Humanidades

Solidariedade impulsiona viralidade online em uma nação sob ataque, revela estudo da mídia social ucraniana
Um dos primeiros grandes estudos sobre o comportamento nas mídias sociais durante a guerra descobriu que postagens celebrando a unidade nacional e cultural em um país sob ataque...
Por Fred Lewsey - 05/10/2024




Um dos primeiros grandes estudos sobre o comportamento nas mídias sociais durante a guerra descobriu que postagens celebrando a unidade nacional e cultural em um país sob ataque recebem significativamente mais engajamento online do que postagens depreciativas sobre os agressores. 

Psicólogos da Universidade de Cambridge analisaram um total de 1,6 milhão de postagens no Facebook e no Twitter (agora X) de veículos de notícias ucranianos nos sete meses anteriores a fevereiro de 2022, quando as forças russas invadiram, e nos seis meses seguintes.

Depois que a tentativa de invasão começou, postagens classificadas como expressão de "solidariedade interna" ucraniana foram associadas a 92% mais engajamento no Facebook e 68% mais no Twitter do que postagens semelhantes haviam alcançado antes do ataque em grande escala da Rússia.

Enquanto postagens expressando “hostilidade de grupos externos” em relação à Rússia receberam apenas 1% de engajamento extra no Facebook após a invasão, sem diferença significativa no Twitter.

“O sentimento pró-ucraniano, frases como Glória à Ucrânia e postagens sobre o heroísmo militar ucraniano, ganharam uma quantidade enorme de curtidas e compartilhamentos, mas postagens hostis direcionadas à Rússia mal foram registradas”, disse Yara Kyrychenko, do Laboratório de Tomada de Decisão Social (SDML) de Cambridge, no Departamento de Psicologia.

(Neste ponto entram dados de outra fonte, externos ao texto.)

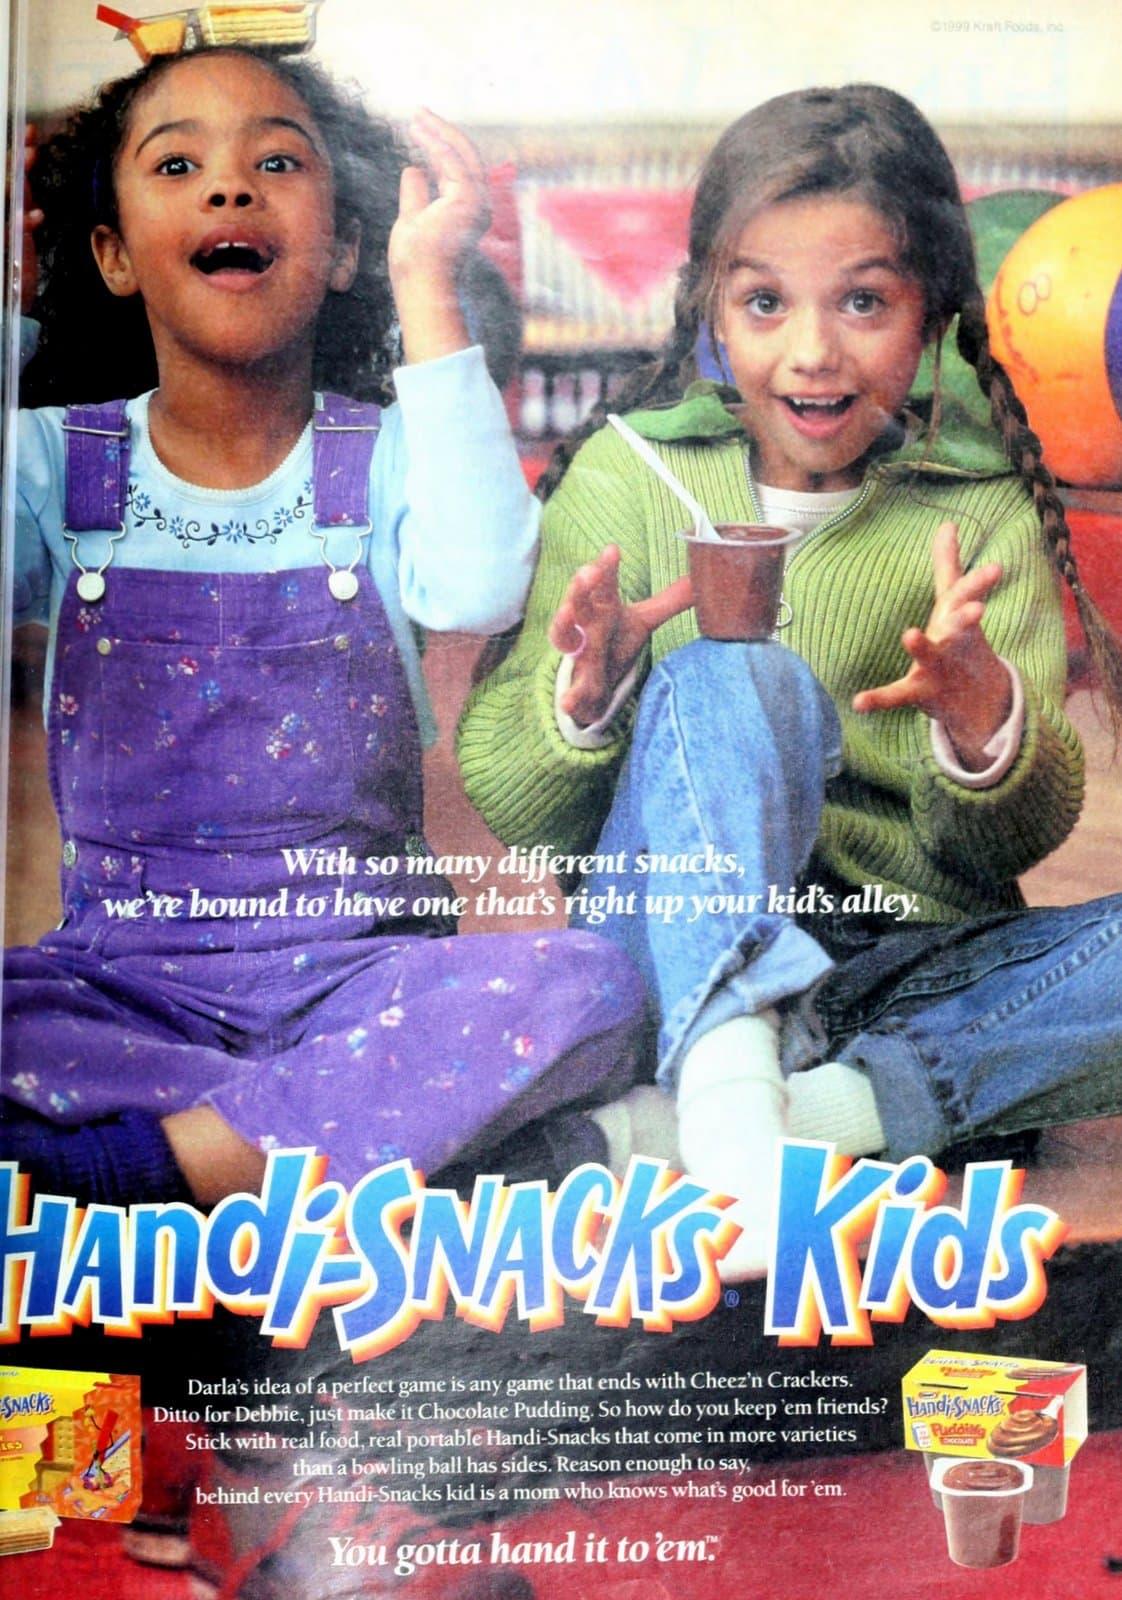 Handi-Snacks Kids chocolate pudding cups (1999)

“A grande maioria das pesquisas sobre mídias sociais usa dados dos EUA, onde postagens divisivas frequentemente se tornam virais, levando alguns acadêmicos a sugerir que essas plataformas impulsionam a polarização. Na Ucrânia, um país sitiado, encontramos o inverso”, disse Kyrychenko, autor principal do estudo publicado hoje na Nature Communications .  

“Emoções que apelam à identidade do endogrupo podem empoderar as pessoas e aumentar o moral. Essas emoções podem ser mais contagiosas e estimular maior engajamento durante um momento de ameaça ativa – quando a motivação para se comportar de forma benéfica para o endogrupo é aumentada.”

“ A experiência ucraniana lembra-nos que as redes sociais podem ser usadas para causas boas e pró-sociais, mesmo nas situações mais terríveis ”

Yara Kyrychenko

Pesquisas anteriores do mesmo laboratório de Cambridge descobriram que a viralização nas mídias sociais dos EUA é motivada pela hostilidade: postagens que zombam e criticam os lados opostos das divisões ideológicas têm muito mais probabilidade de gerar engajamento e atingir públicos maiores.

O novo estudo usou inicialmente as mesmas técnicas, descobrindo que – antes da invasão – postagens em mídias sociais de fontes de notícias pró-ucranianas e pró-russas que continham palavras-chave do "grupo externo" – políticos opositores, nomes de lugares e assim por diante – de fato geravam mais tração do que postagens contendo palavras-chave do "grupo interno".*   

No entanto, os pesquisadores treinaram um grande modelo de linguagem (LLM) – uma forma de IA de processamento de linguagem, semelhante ao ChatGPT – para categorizar melhor o sentimento e a motivação por trás da postagem, em vez de simplesmente confiar em palavras-chave, e usaram isso para analisar postagens no Facebook e no Twitter de veículos de notícias ucranianos antes e depois da invasão.**

Essa análise mais aprofundada revelou uma taxa de engajamento consistentemente alta para postagens de solidariedade — maior do que para "hostilidade de grupos externos" — antes do ataque da Rússia, que aumenta ainda mais após a invasão, enquanto as interações com postagens depreciativas sobre a Rússia se estabilizam.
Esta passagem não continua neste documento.